Трагедия и величие художника

Улеглось возбуждение, связанное с премьерой «Бориса», рецензией Кюи и шумом, поднятым вокруг оперы печатью. Вновь наступили будни. Опять изо дня в день хождение в Лесной департамент (он работал теперь по следственной части), изготовление «дел» по нескольку тысяч листов каждое, «швыряние» под суд лесничих. А для себя — новые творческие планы, новые работы. Жизнь, казалось, вошла в прежнюю колею.

В прежнюю ли?..

Нет, Мусоргский чувствовал, что сам он теперь уже не тот. Кончилась молодость, началась зрелая пора. «Борисом» он как бы совершил разведку, прощупал жизнь. Теперь он знал: такого художника, как он, официальные законодатели музыкально-театральной жизни не признают никогда.

«Борис Годунов» некоторое время еще продолжал даваться на сцене. Но это приносило все меньше и меньше радости: дирекция безжалостно вымарывала из партитуры один кусок за другим. Говорили, что опера не понравилась царской фамилии. И вот уже стали давать ее без заключительной сцены под Кромами, выбросив ее, как якобы не представляющую никакого драматического интереса и не связанную с развитием сюжета. Не помогло и горячее вмешательство Стасова, выступившего с протестом в газете. Впрочем, спектакли «Бориса Годунова» становились все более и более редкими. К концу 70-х годов они совсем прекратились. Приходилось мириться с положением композитора, не признанного официальными кругами. Для них он — художник-неудачник, выскочка, которому надо указать его место; он просто чиновник — коллежский асессор Мусоргский.

Удивительно, что в юности служба казалась совсем уж не такой обременительной, а теперь... Временами он чувствовал, что она вконец иссушает душу, не оставляет досуга и покоя, столь необходимых для творчества. Заниматься своим прямым делом приходилось преимущественно по ночам. И ночи становились самым наполненным временем суток. «История — моя ночная подруга», — сказал он как-то, намекая на исторические разыскания, которые он вел для своей новой оперы. В эти призрачные часы, когда все кругом спит, мысль становится острее, и образы, рождаемые воображением, получали необычайную яркость. Но ночь приносила не только творческие радости.

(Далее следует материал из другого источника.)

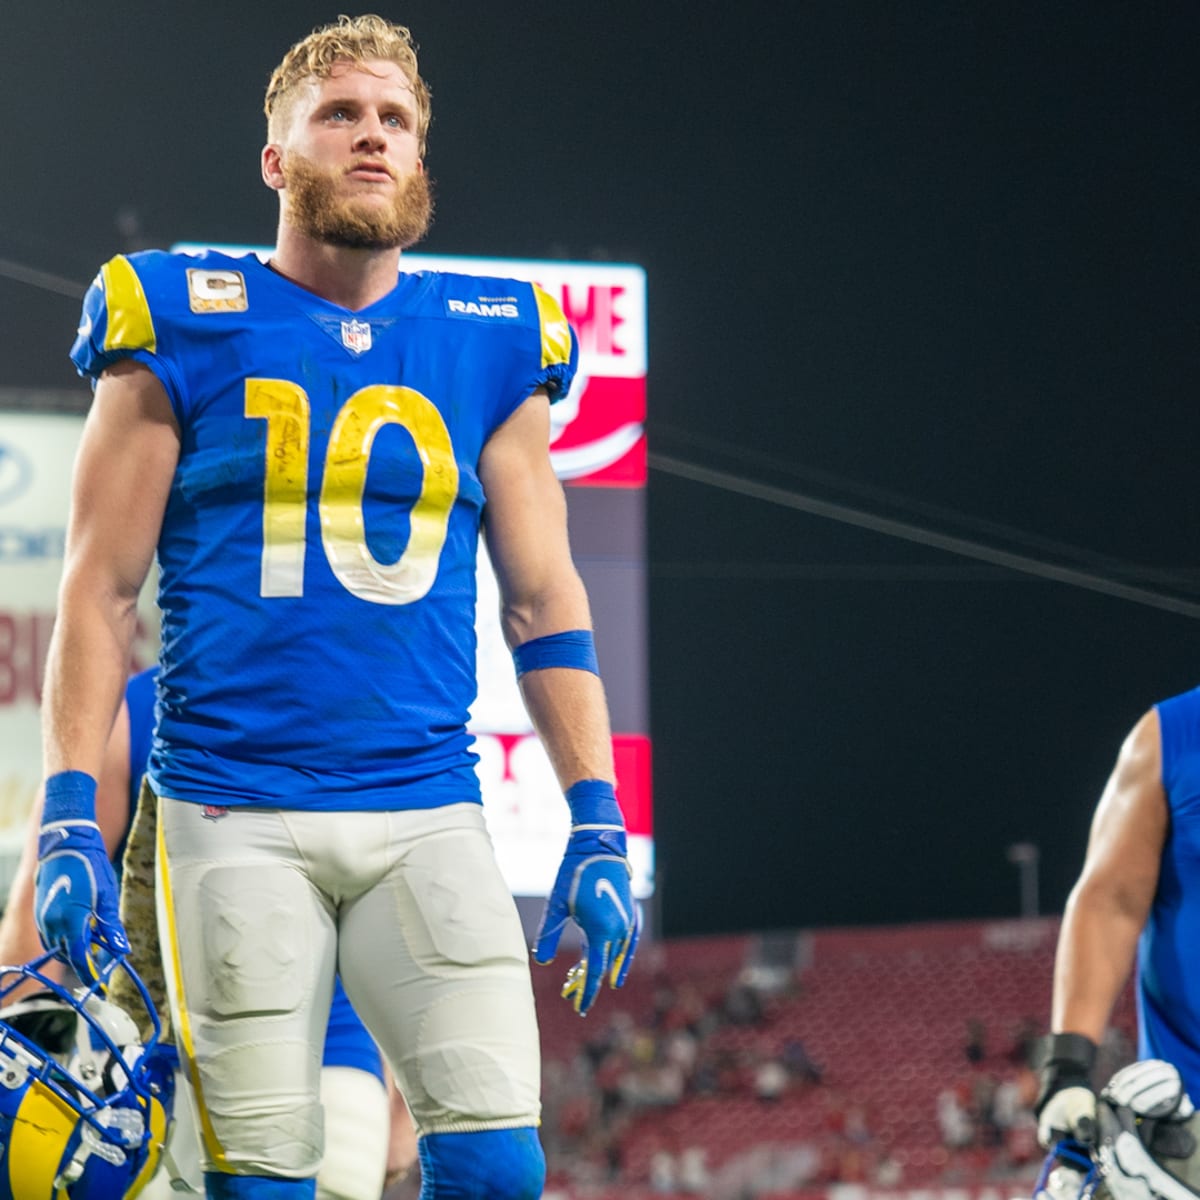 Cooper Kupp COVID-19 news throws Rams further in disarray
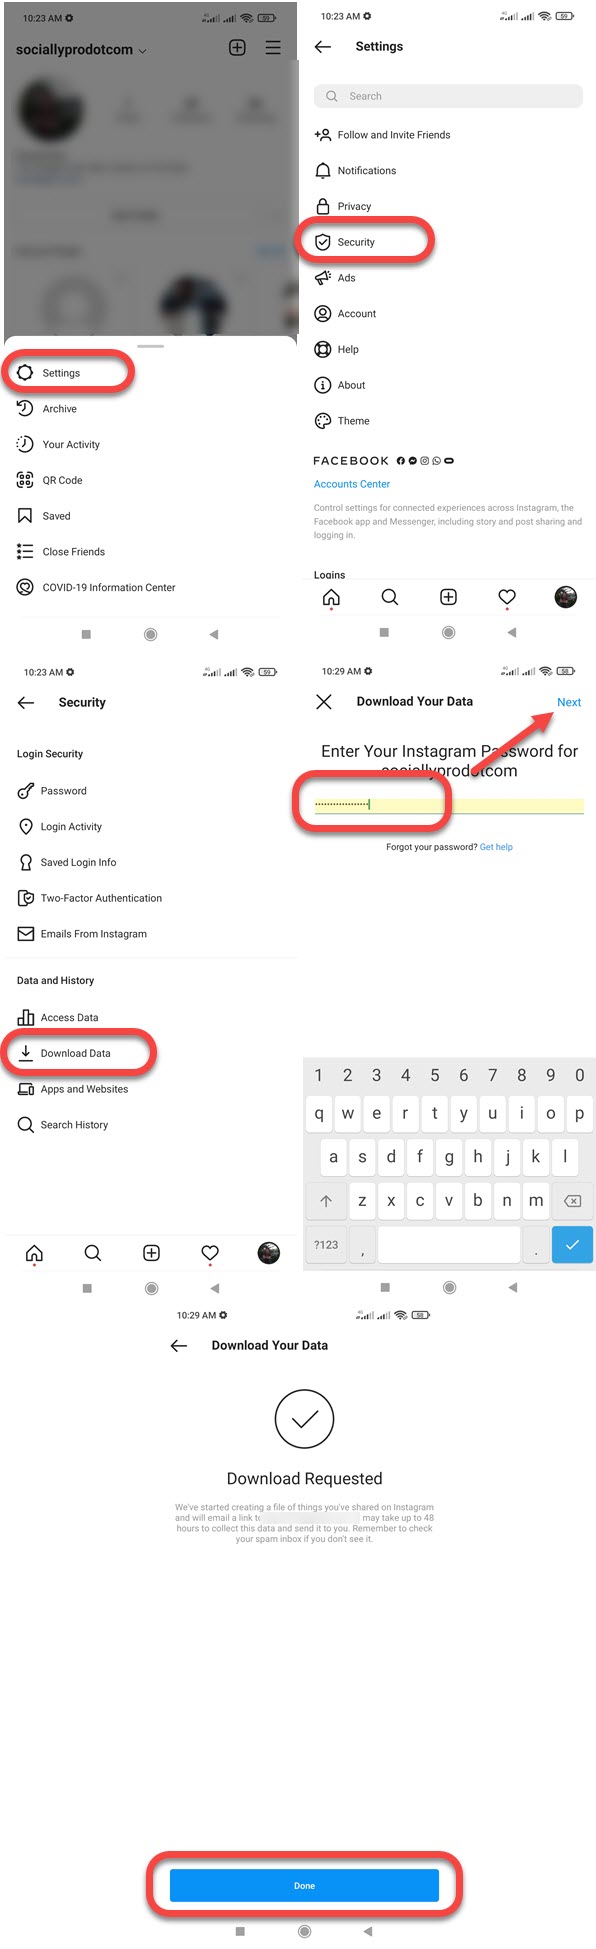 Download Instagram Account Data to Recover Deleted Messages

О чем только не думалось в эти долгие часы безмолвия, в четырех стенах, наедине с самим собой! Поступки людей, человеческие отношения, события общественной жизни — все получало свою суровую оценку. И тяжелым гнетом ложилось на сердце пережитое.

Были когда-то близкие единомышленники-музыканты.. Теперь их нет. «Одни повыбыли, другие, смотришь, перебиты», — с горечью повторял он про себя грибоедовские слова. Виделся он с ними теперь редко; когда встречался, держался замкнуто, а у них создавалось впечатление, что после постановки оперы он стал «надменным»; опять — в который раз! — его совершенно необоснованно подозревали в зазнайстве.

Ну, да бог с ними. У него ведь есть дорогие ему, любящие его люди: Стасов, Шестакова, Петровы. Правда, это все «старшие», с ними он не чувствует себя как равный с равными.

Появлялись и новые друзья. Теперь он легче сближается с представителями других видов искусства, чем с музыкантами. Он считает, что люди, занимающиеся изобразительным искусством, литературой, более разносторонне развиты, что круг их интересов более широк, чем у музыкантов, которые (так ему во всяком случае, кажется) любят говорить все больше о технике сочинения, а не о больших, волнующих все человечество вопросах. С восхищением относится он к Илье Ефимовичу Репину, с которым его познакомил Стасов, равно близкий как к музыкальным кругам, так и к живописцам и ваятелям. Одно время (это было еще до постановки «Бориса Годунова») Мусоргский сблизился с Виктором Александровичем Гартманом, талантливым архитектором, но тот скоропостижно скончался в 1873 году. Как протестовала в Мусоргском каждая струнка души против этой нелепой, бессмысленной смерти! «И зачем живут собаки, кошки и гибнут Гартманы?!?» — писал он в припадке бессильной злобы против неумолимости судьбы.